Keep an eye out for weed growth between the stones, and pull up any you find.

If you have plants in the gaps between the stones, ensure they are in good condition. Prune and trim them to maintain their shape and prevent them from taking over. Clear any debris or obstructions in drainage channels or gaps between stones to prevent water buildup or erosion.

Can garden rocks and stones be used in combination with plants?

Yes, absolutely! Combining the two is an effective way to create an attractive and natural-looking rockery.

Leave gaps between the stones to be used as planting pockets for small alpine or rockery plants. Choose ones that suit the conditions of your rockery, such as ones that tolerate well-drained soil and rocky terrain.

You can also opt for trailing or cascading plants to soften the appearance of the rock edges. These will spill over the stone, creating a lush, natural look.

Taller or statement plants can add bursts of colour, while low-growing ground cover plants can grow between stones to help suppress weeds.

How do I prevent stones from shifting or moving over time?

It's important to make sure your stones don't move over time; otherwise, you may risk them becoming unstable.

Ensure proper base preparation before placing the stone. The base should be well-compacted and level.

Arrange your stone in an interlocking pattern to help create stability by spreading the weight.

Install edging or containment material along the edges of the rockery. Edging helps prevent the stone from spreading or shifting outward.

Keep the area around the stones free from weeds.

After placing the stones and filling the gaps, compact the surface and settle the stones into the base.

Ensure there is enough drainage. If necessary, create channels to redirect water away from the rockery.

How long do garden stones typically last?

Their lifespan can vary depending on the type of stone, quality, environmental conditions, and how well you maintain them.

Your stones can potentially last for many years with a little care and maintenance.

Can I reuse my rockery stone if I decide to change the layout?

Reusing stones elsewhere is a great way to save money and reduce waste. When removing them initially, just take care not to damage the stones or surrounding plants.

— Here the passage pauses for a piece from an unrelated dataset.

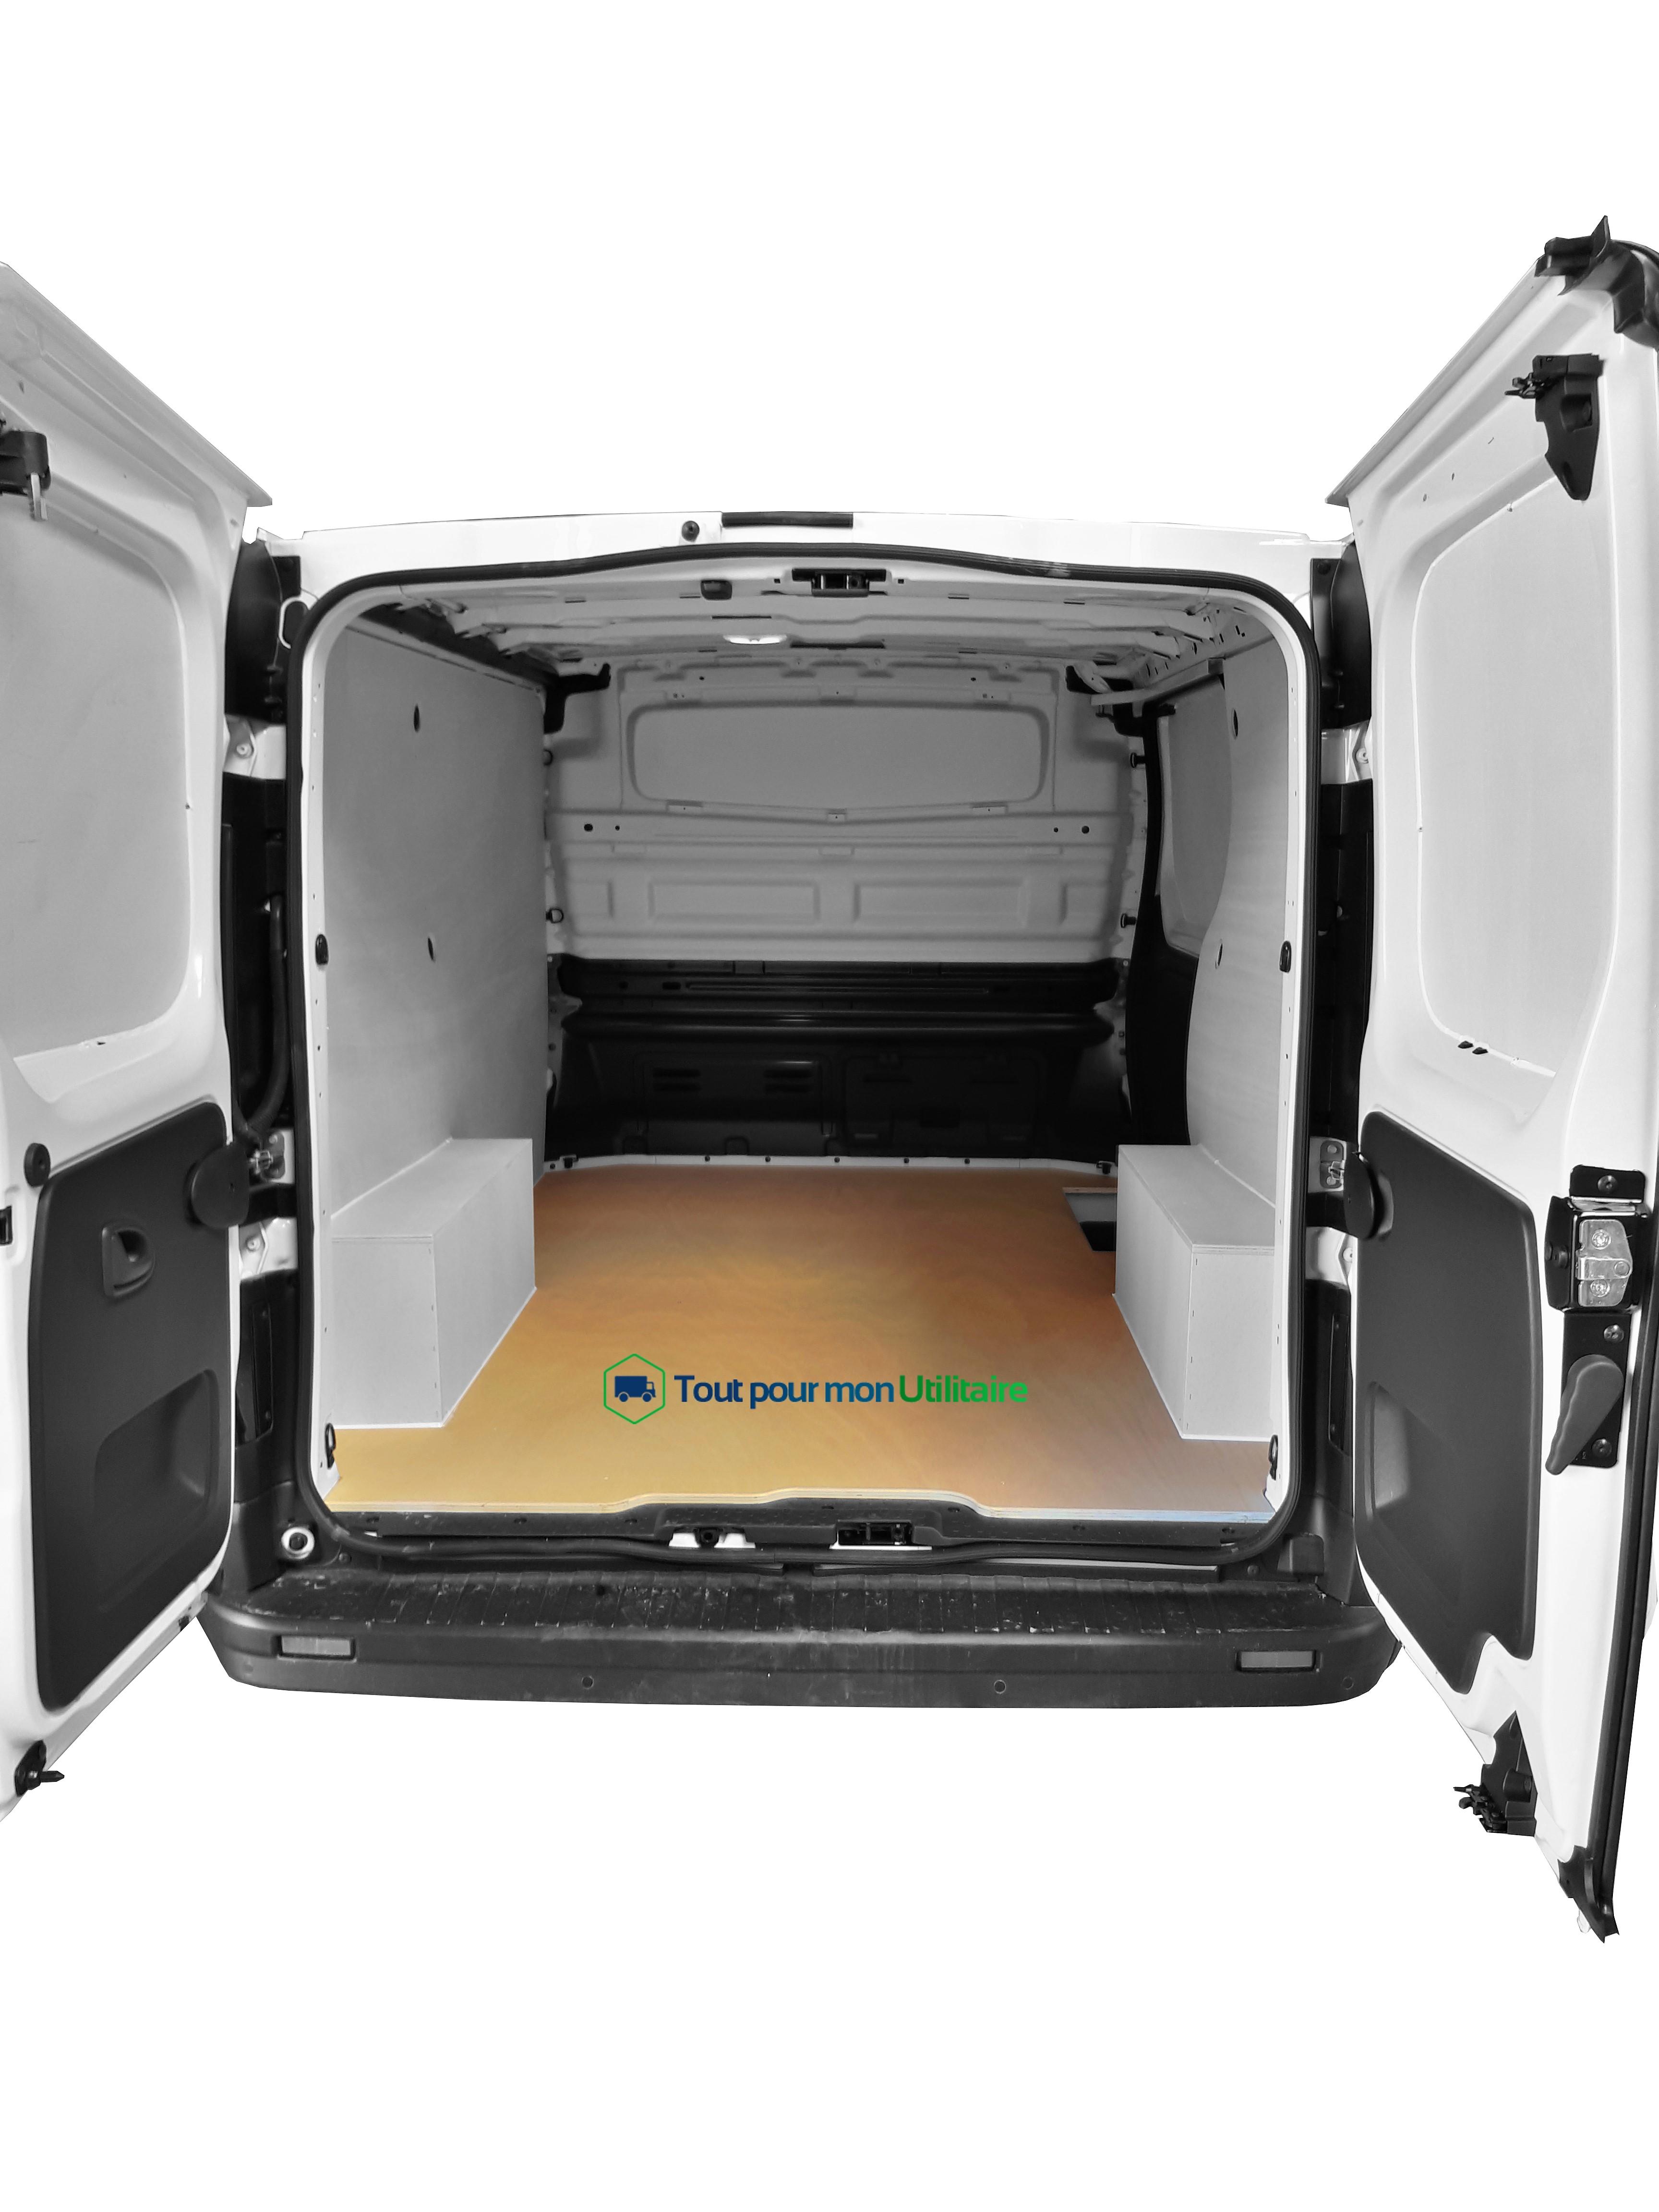 plancher de protection bois renault trafic l2 0 plc. Black Bedroom Furniture Sets. Home Design Ideas

After cleaning to remove any dirt or debris, give them all a quick inspection to check for cracks and chips. If they all look in good condition, you can decide where to reuse them and place them as you would normally.

What are the benefits of using garden stones?

Using garden stones introduces unique shapes, colours, and textures to gardens. There are also many other benefits, including their decorative qualities, their durability, and their low maintenance.

They can also help with weed control and soil erosion. Some larger rock or stone boulders can create microhabitats within the gaps, helping to support a healthy ecosystem.